History and namesake
On 2 October 1980, the coaster MV Panagiotis, ran aground in the waters around Zakynthos Island on Navagio Beach during stormy weather and bad visibility. Some rumours claim the ship was smuggling contraband; however, official sources did not confirm this, and the captain was not convicted for such offences at the time. Recently released court documents and photos relating to the incident back up the smuggler story, suggesting that Panagiotis was allegedly making its way from Turkey with a freight of contraband cigarettes headed for Italy. Encountering stormy weather, the ship ran aground in the cove, where the crew abandoned her to evade the pursuing Navy. After the captain alerted the authorities, 29 locals were convicted of looting the cargo and valuable equipment from the wrecked ship. The ship was abandoned and still rests buried in the limestone gravel of the beach that now bears the nickname Shipwreck. 

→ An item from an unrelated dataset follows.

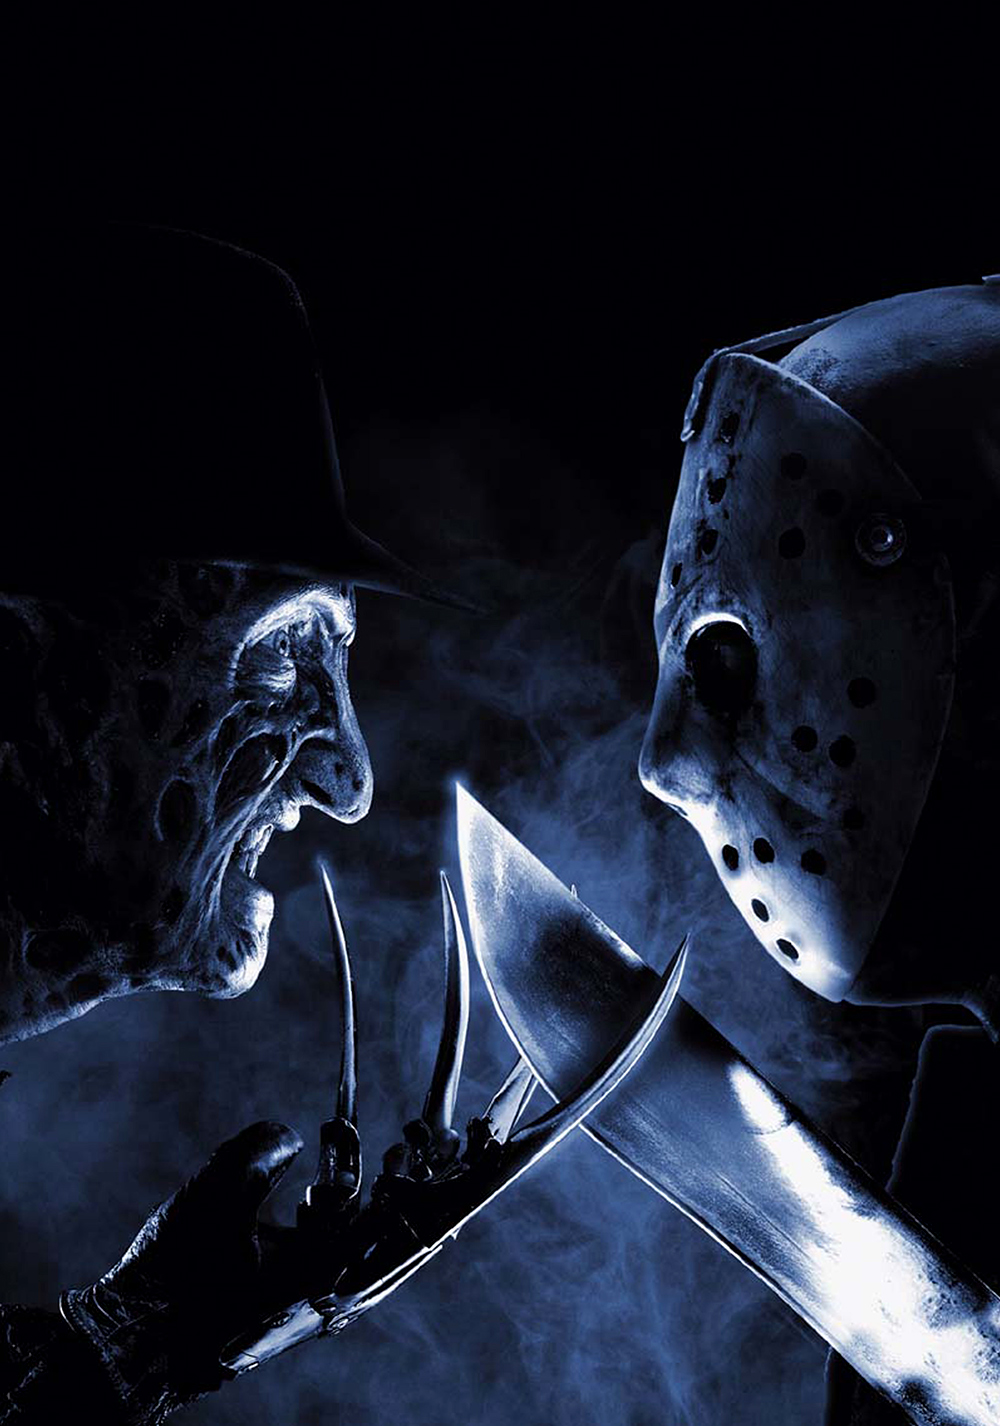 Freddy vs. Jason Picture

The beach was briefly closed in 2018, and swimming and boat anchoring were forbidden, after a cliff above the beach collapsed. The beach reopened and anchoring is permitted, but with restrictions out of concerns over future landslides.

In 2018, the beach was named as the world's best beach in a poll by over 1,000 travel journalists and professionals.

Gallery

References

Beaches of Greece
Landforms of Zakynthos
Tourist attractions in the Ionian Islands (region)
Landforms of the Ionian Islands (region)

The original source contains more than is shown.